About the Role:
As a cornerstone of our AI laboratory, you will architect cutting-edge reasoning models and reinforcement learning frameworks to transform complex global data into autonomous, high-precision advertising decisions.
Job Responsibilities
Core Model Development:
Research and develop data-driven AI models, including Deep Learning, Reinforcement Learning (RL), and Large Decision Models. Drive end-to-end excellence in data synthesis, Instruction Fine-Tuning (SFT), and Preference Alignment to enhance model adaptability and quality.
Reasoning & LLM Innovation:
Architect and optimize advanced Reasoning Models, covering the full stack from SFT and RLHF to RAG (Retrieval-Augmented Generation) and intelligent Agentic Workflows.

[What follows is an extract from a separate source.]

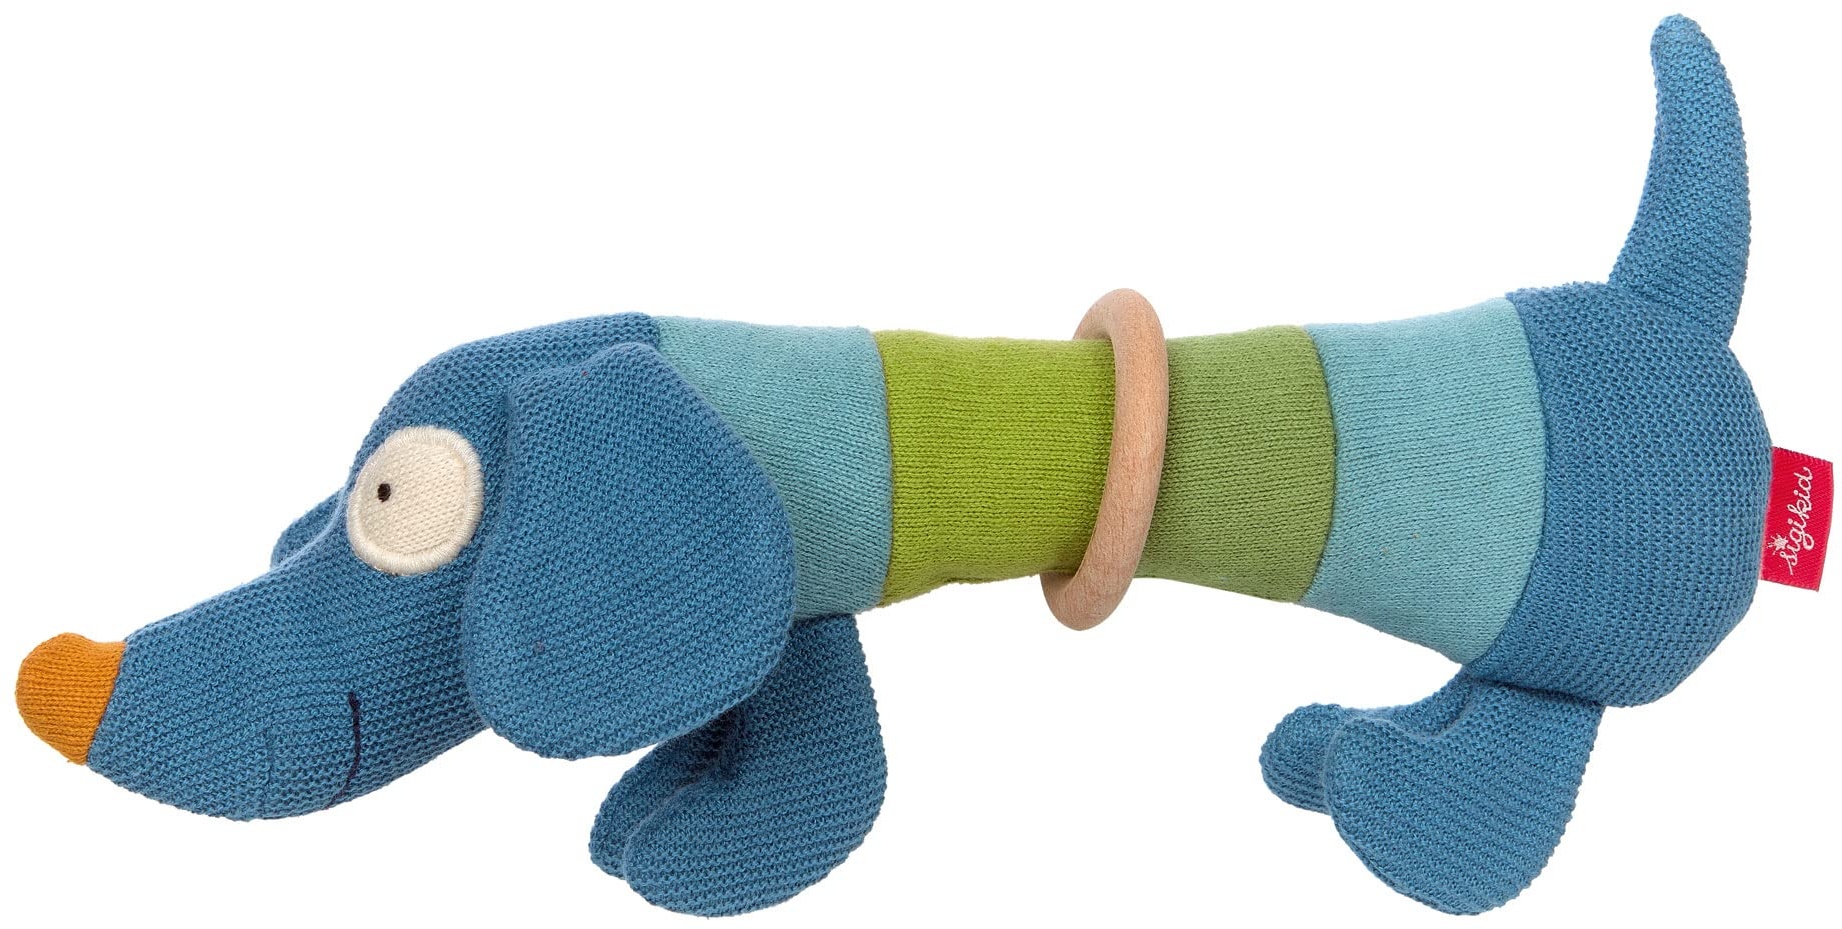 SIGIKID 39376 Strick-Greifling Hund Baby Strick Mädchen und Jungen Babyspielzeug empfohlen ab 3 Monaten blau/grün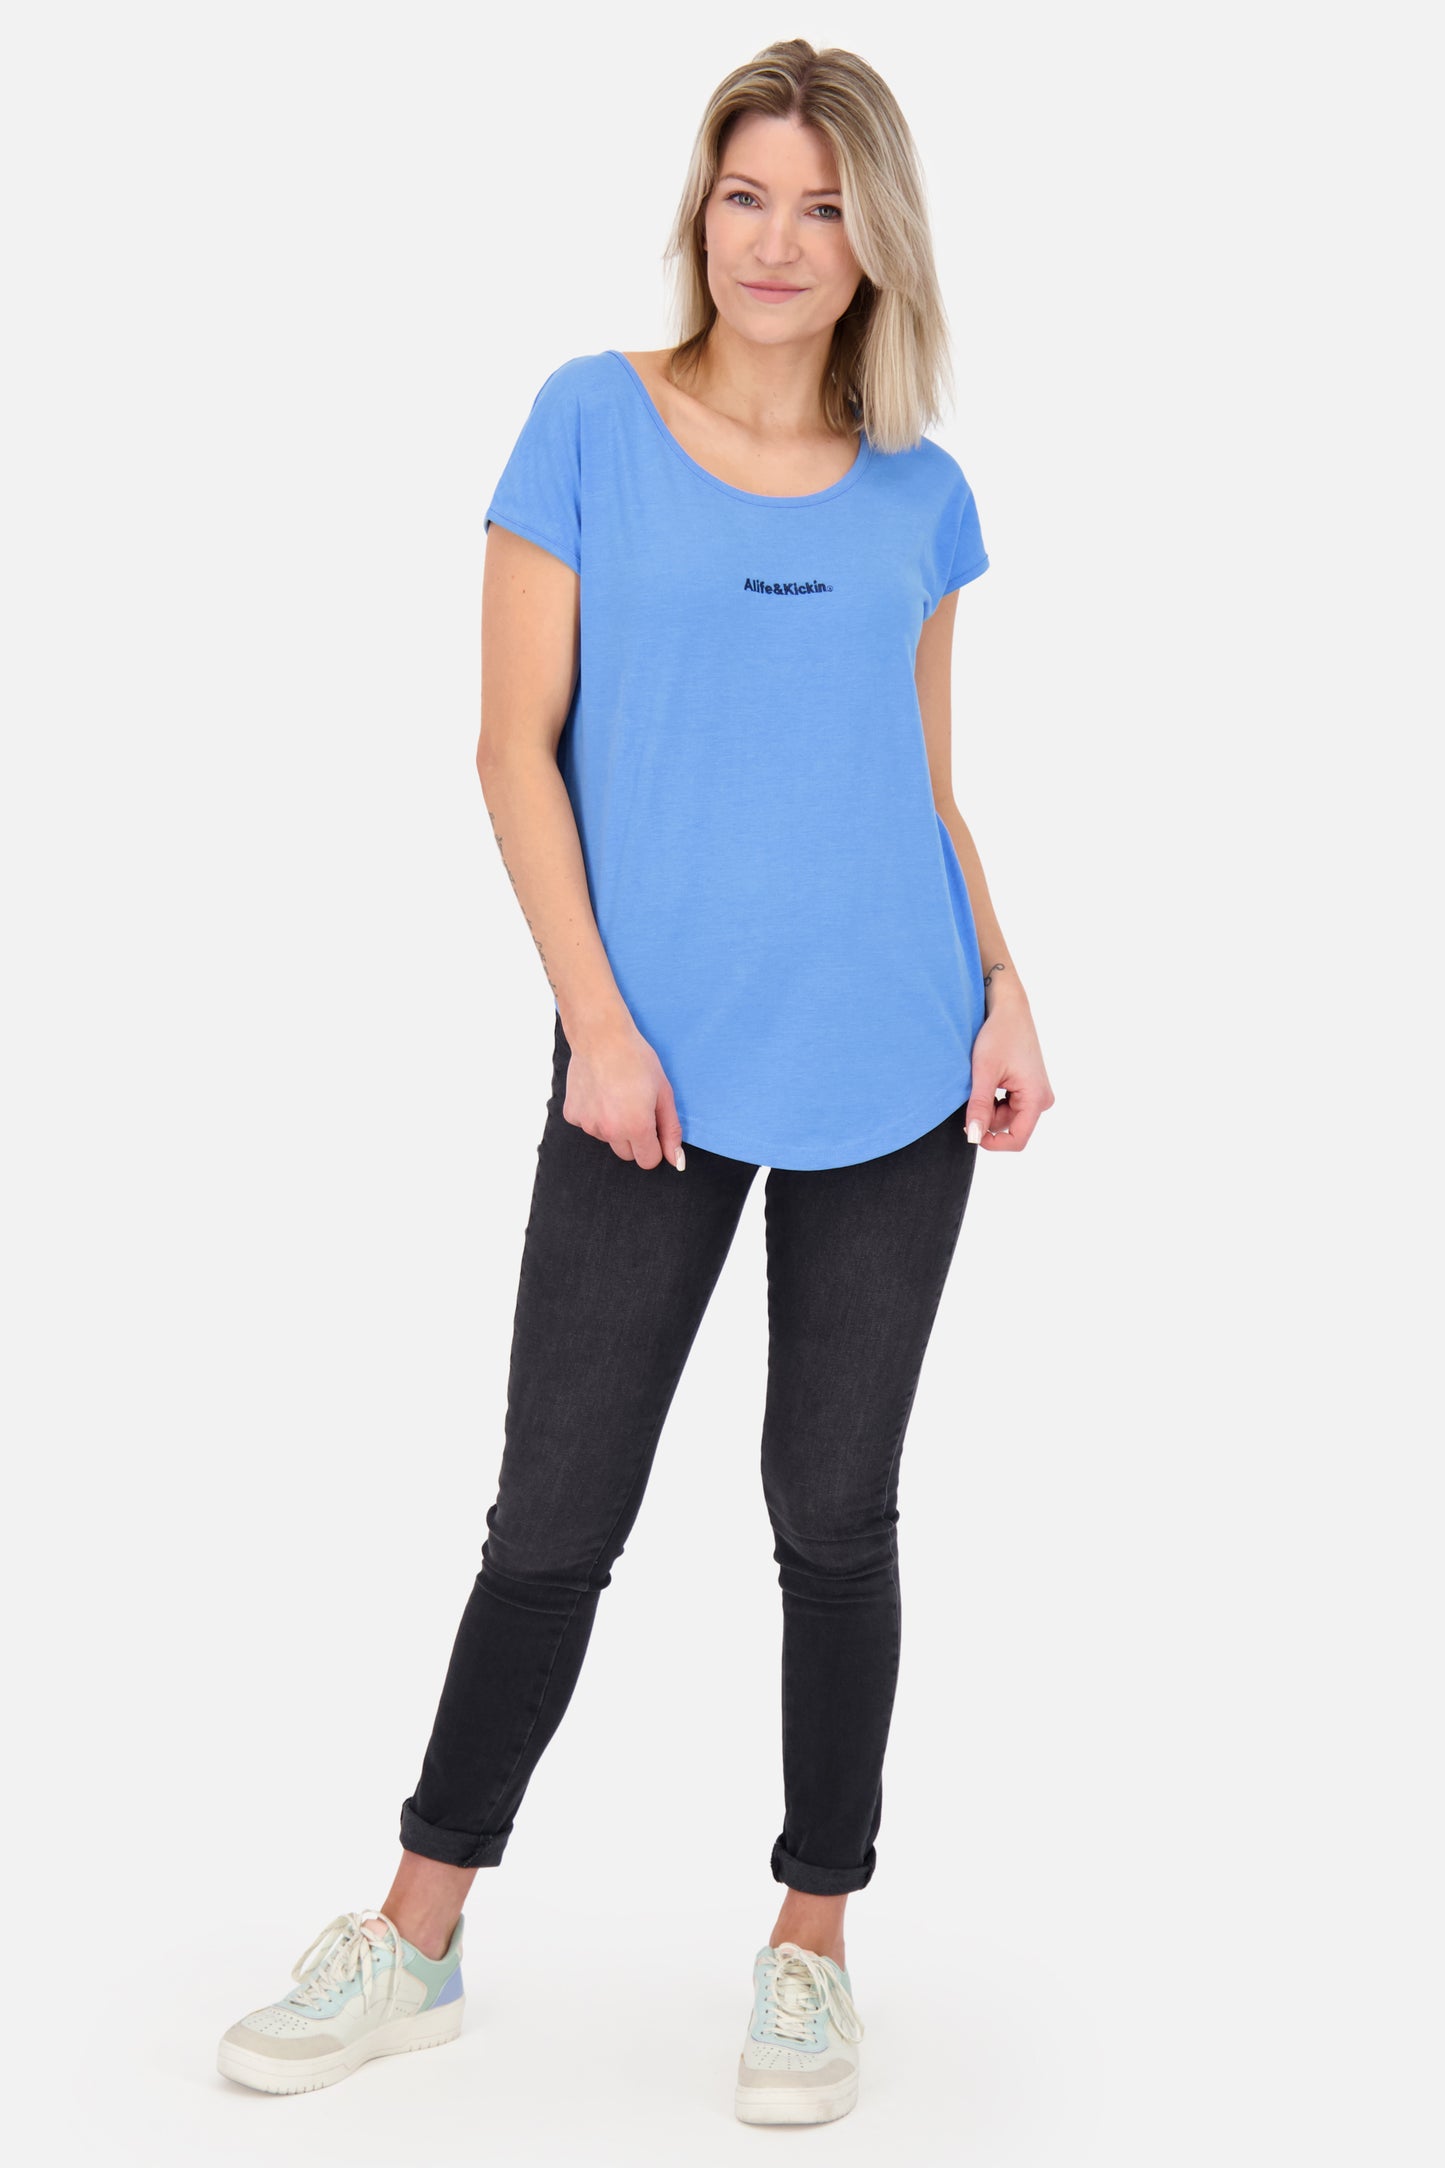 Luftig leicht und sportlich: Das Damen-T-Shirt SelinaAK E  Blau

Business-Impact Integration:
Collaborate closely with Product and Engineering teams to translate complex business requirements into sophisticated AI solutions, significantly improving the efficacy of global ad bidding and decision-making.
Requirements
Academic Background:
Bachelor’s degree or higher in Computer Science or related fields. Solid foundation in Machine Learning and Mathematics with a proven track record in NLP, Computer Vision, or Recommendation/Ad systems.
Technical Expertise:
Specialized in Reinforcement Learning and Large Language Models (LLMs). Publication in top-tier conferences (NeurIPS, ICML, ICLR, etc.) or top placements in prestigious AI competitions is highly preferred.
Agentic Architecture:
Deep understanding of LLM Agent architectures with a demonstrated ability to deploy autonomous Agent applications in real-world scenarios.
Engineering Proficiency:
Mastery of deep learning frameworks such as PyTorch or TensorFlow, with the ability to implement complex algorithms independently from scratch.
Soft Skills:
Highly self-driven, proactive, and optimistic. Excellent communication skills with a strong "Customer-Centric" mindset to solve real-world partner challenges.
Preferred Qualifications (Bonus)
Ad-Tech Domain Knowledge:
Experience in internet advertising, including search/recommendation algorithms, creative asset generation, or digital marketing logic.
LLM Paradigm Mastery:
In-depth knowledge of LLM scaling laws, Fine-tuning, Prompt Engineering, Vector Databases, and the LangChain/LlamaIndex ecosystem.
Proven Impact:
A portfolio of high-impact LLM projects or influential research papers.
Large-Scale Training:
Hands-on experience with pre-training, SFT, and RLHF for 10B/100B+ parameter models from the ground up.
Elite Coding Skills:
Exceptional programming ability; winners of ACM-ICPC, NOI/IOI, or Topcoder are highly regarded.